Having graph nodes and connections between them that fall under the desired distribution, we can start generating transactions. The process is quite simple in itself, but it is quite difficult to parallelize it. Therefore, at this stage there are only two independent streams - transactions originating from the client and transactions originating from the company.

Nothing particularly interesting at this stage does not happen: the script runs through the list of connections and for each connection generates a random number of transactions. All this is written exactly the same - in .csv files by packages.

Count Creations: Patterns

And here there are interesting moments. The types of patterns of behavior that we wanted to get in the final graph:

• Flow - a large amount goes from one node to m others, each of these m nodes transfers money to the next level of n nodes, and so on, until the last level sends all the money to one recipient.
• Circular - the amount of money goes in a circle and returns to the source.
• Time - a certain amount of money moves from one node to another with some fixed frequency.

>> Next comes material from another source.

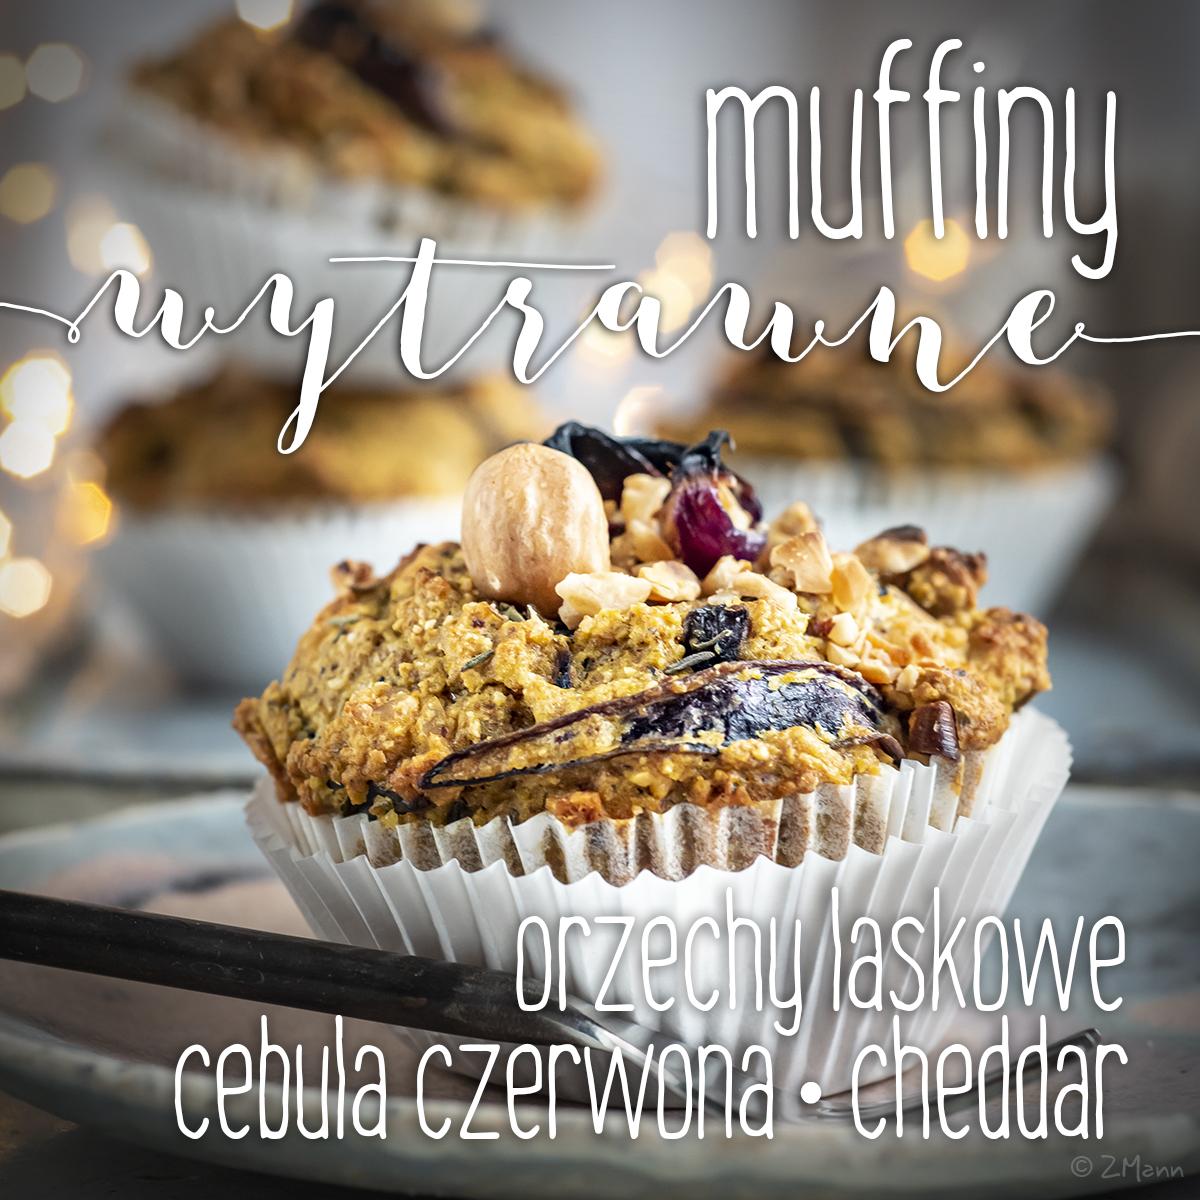 muffiny wytrawne : orzechy laskowe . cebula czerwona . cheddar

Let's look at each of these patterns in more detail:

Flow

To begin with, the number of levels through which money will have to pass is selected. In our implementation, this is a random number between 2 and 6, is not configurable and is wired into the code. Next, select two nodes of the graph - the sender and the recipient. A random amount is also selected, which the sender will send to the recipient (according to a clever formula: 50000 * random() + 50000 * random() ).

Each member of this network takes some kind of fee for their services. In our implementation, the maximum price for passing money through the network will be 10% of the amount transferred by the sender.

The generated transactions have a time shift relative to the transactions of the previous network level - that is, the money first comes to the n-1 level, and only then goes to the n level. Delays are randomly selected within 4-5 days. Also, the generated transactions have pseudo-random amounts (limited by the initial amount and taking into account the fees to each node)

Circular

It is generated according to a similar principle as Flow, only instead of a different sender and receiver and several levels in this pattern, the money goes in a circle and returns to the original node. All intermediate nodes charge, as is the case with Flow, and transactions also have a time shift.

Time

The easiest pattern. A certain amount is sent from the sender to the recipient a random number of times (from 5 to 50, not configurable) with pseudo-random shifts in time.

All new transactions are written in the same way into packages in .csv files.

Randomization of the graph and collection of all transactions in one file

At this stage, we have several .csv files:

• 3 files with nodes (clients, companies and ATMs)
• 4 transaction files: one for regular transactions and 3 containing patterns.

An additional script mixes pattern transactions along with regular transactions so that it is not possible to see the patterns in the graph in the order in which the transactions are written to the file.

And what to do with all this?

In the end, we have 4 beautiful files with nodes of the graph and transactions between them. You can import into Neo4J, you can distribute through REST, but everything your heart can do with them.

As for us, we received very positive feedback from the participants of the hackathon, and some very interesting solutions for finding patterns in massive graphs.